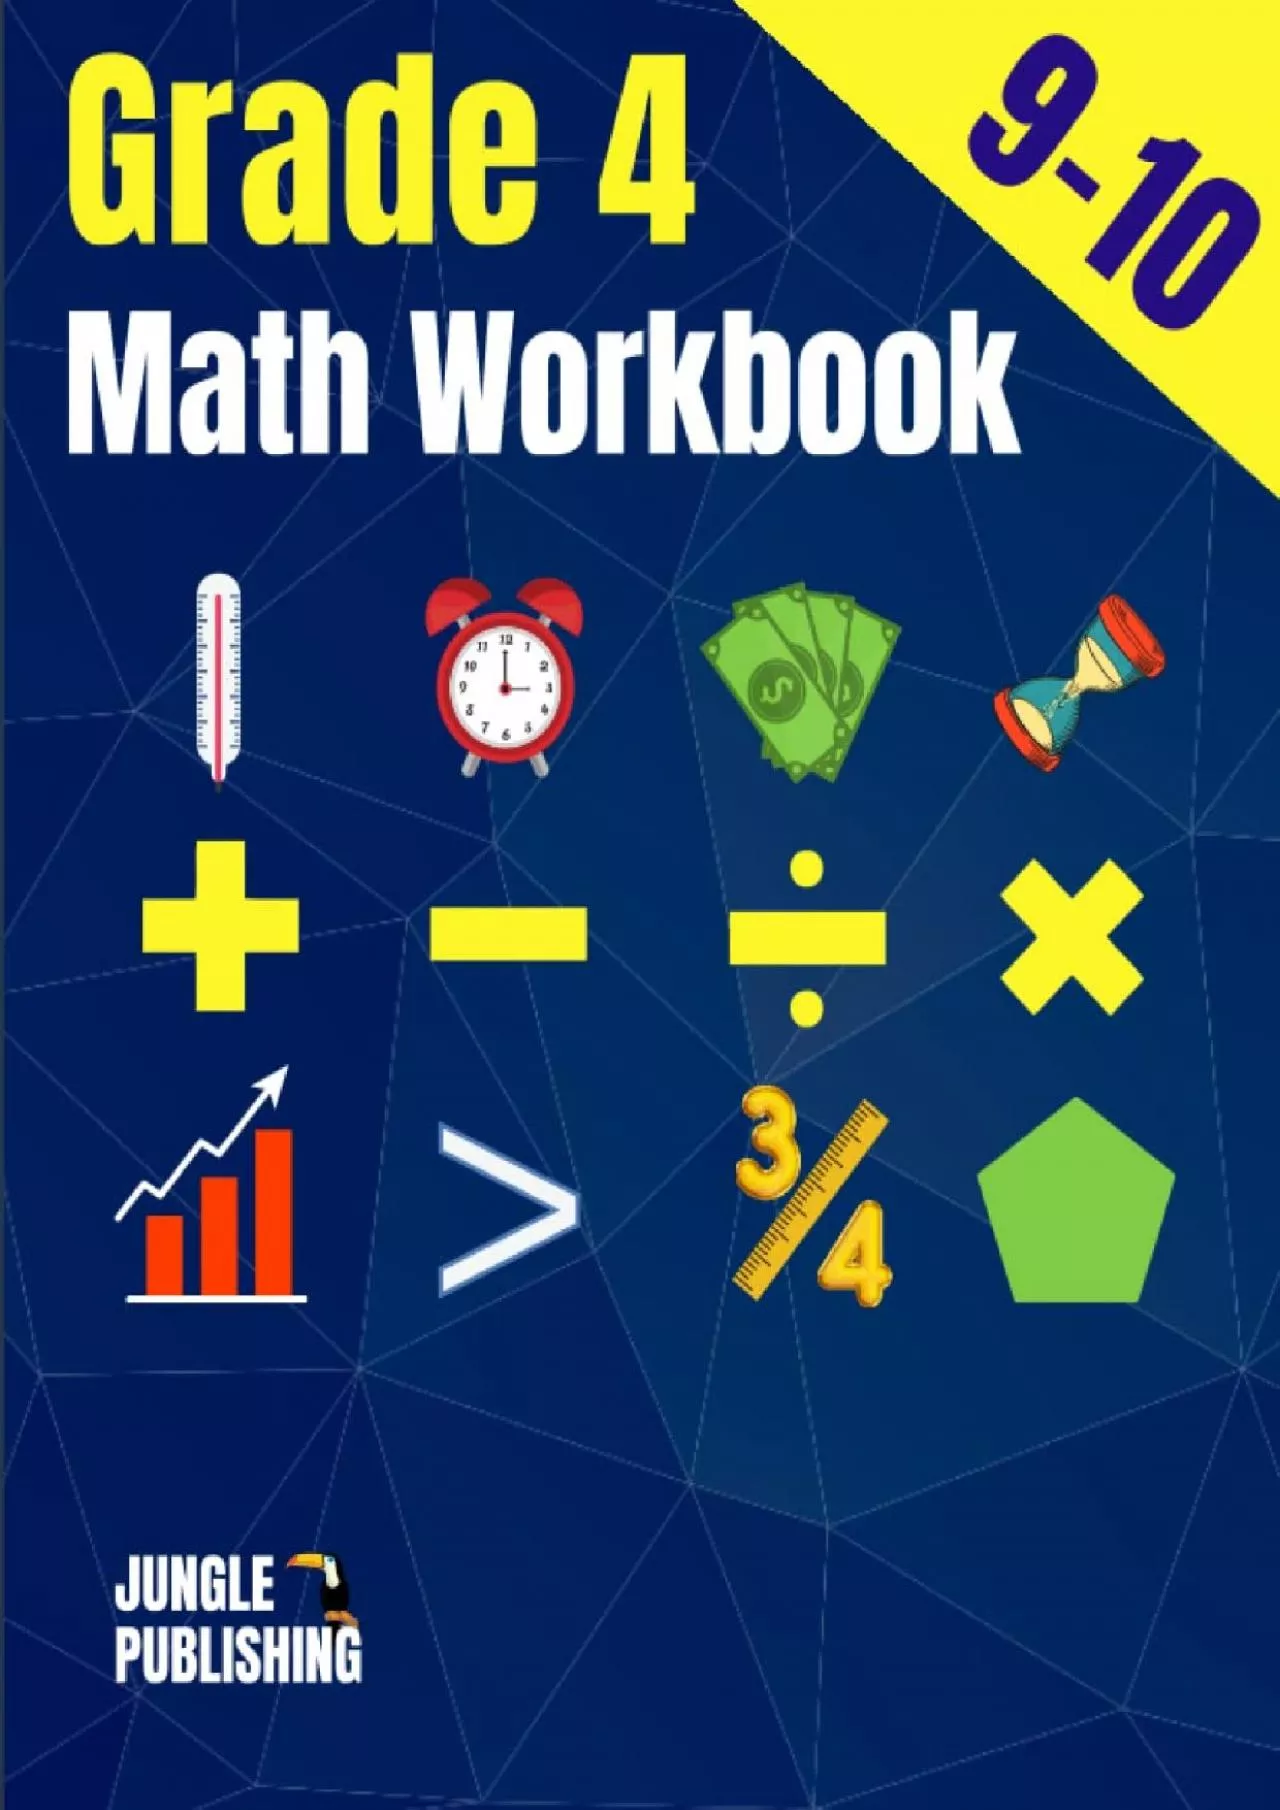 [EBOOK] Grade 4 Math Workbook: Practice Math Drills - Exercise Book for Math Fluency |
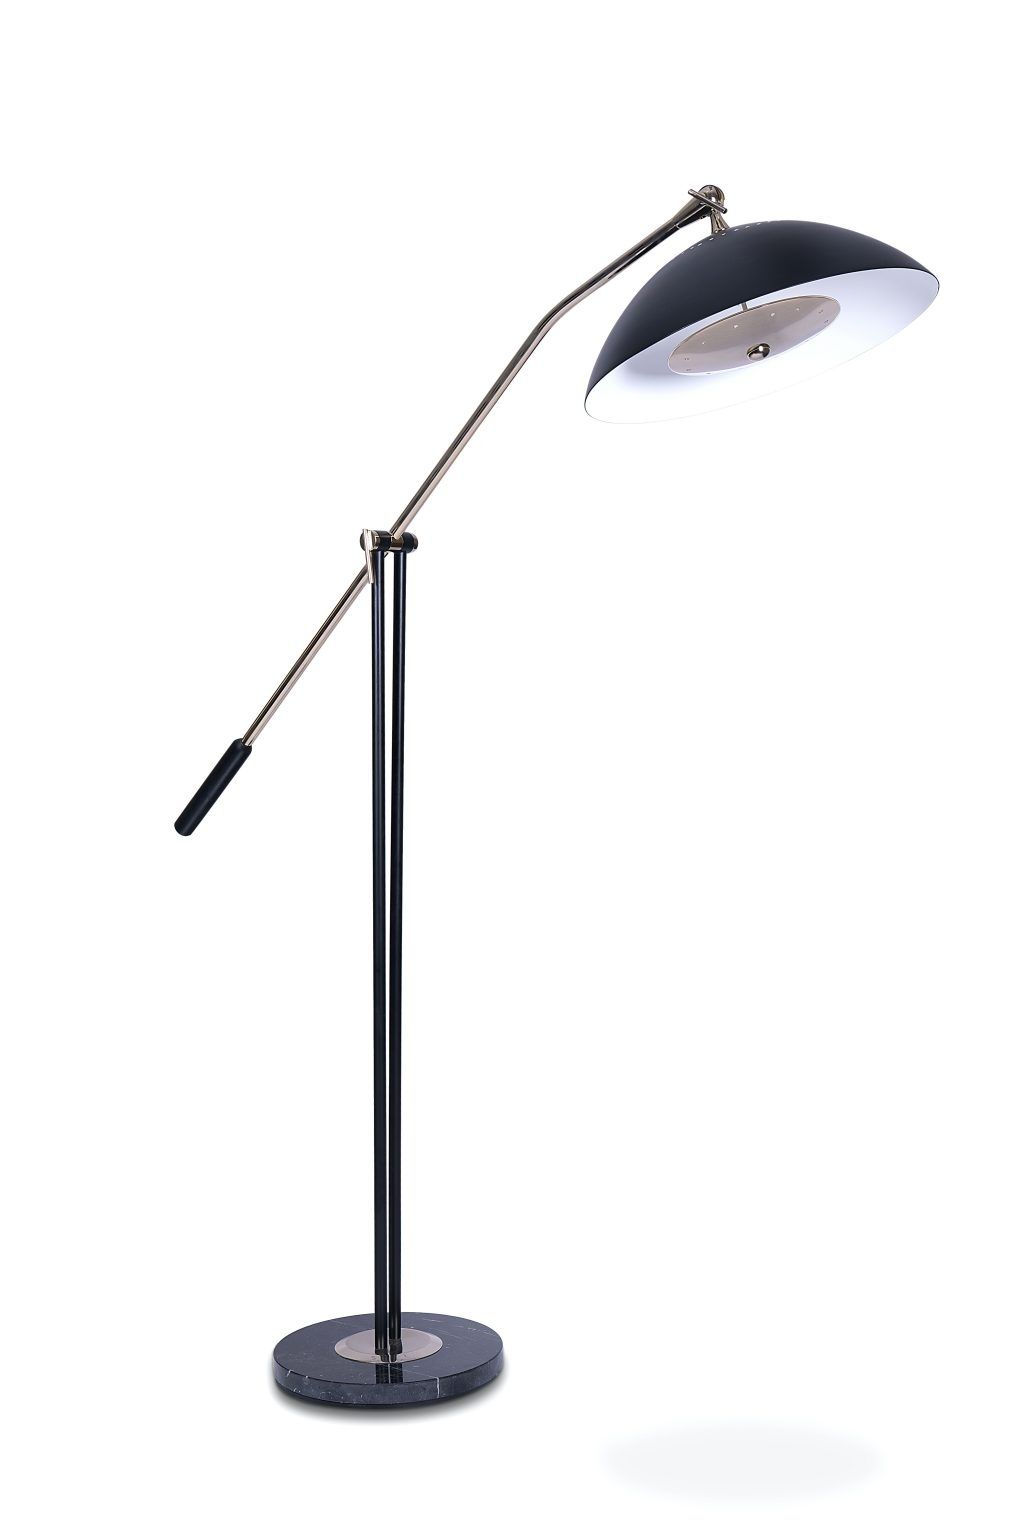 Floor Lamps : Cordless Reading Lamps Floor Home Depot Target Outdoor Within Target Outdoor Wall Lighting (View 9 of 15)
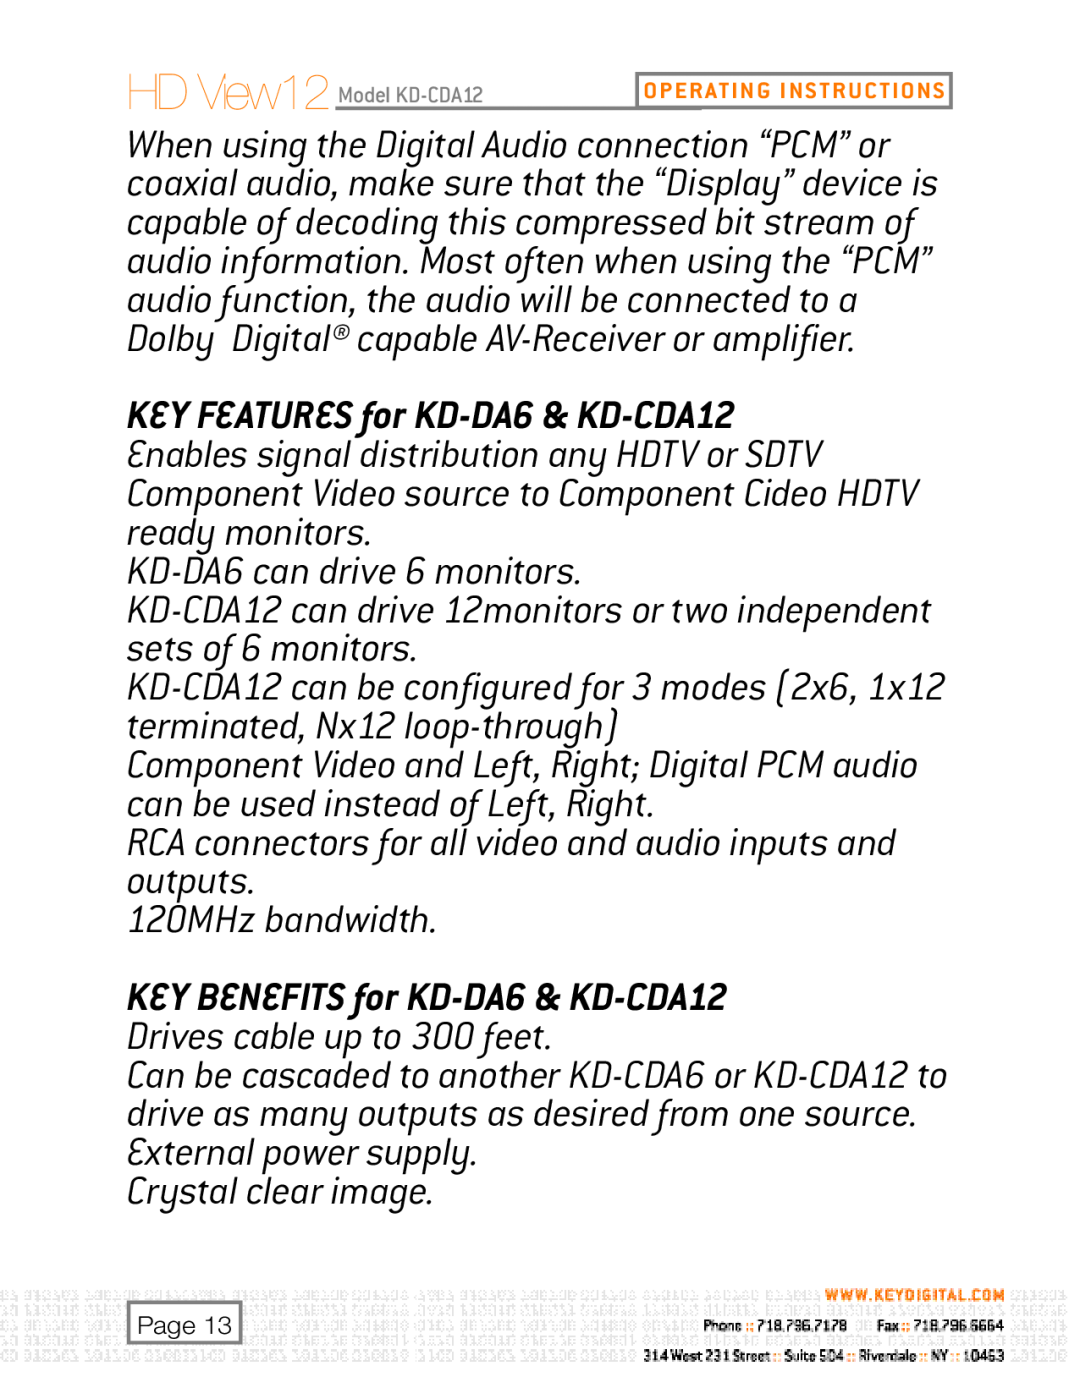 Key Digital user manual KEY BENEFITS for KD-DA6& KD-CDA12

> _AIM OF THE EXERCISE_: Wherever the listing shows a picture, omit it and output the rest exactly as given.

> _COMPLETED EXERCISE_:
 [EBOOK] Grade 4 Math Workbook: Practice Math Drills - Exercise Book for Math Fluency |
 Floor Lamps : Cordless Reading Lamps Floor Home Depot Target Outdoor Within Target Outdoor Wall Lighting (View 9 of 15)
 Key Digital user manual KEY BENEFITS for KD-DA6& KD-CDA12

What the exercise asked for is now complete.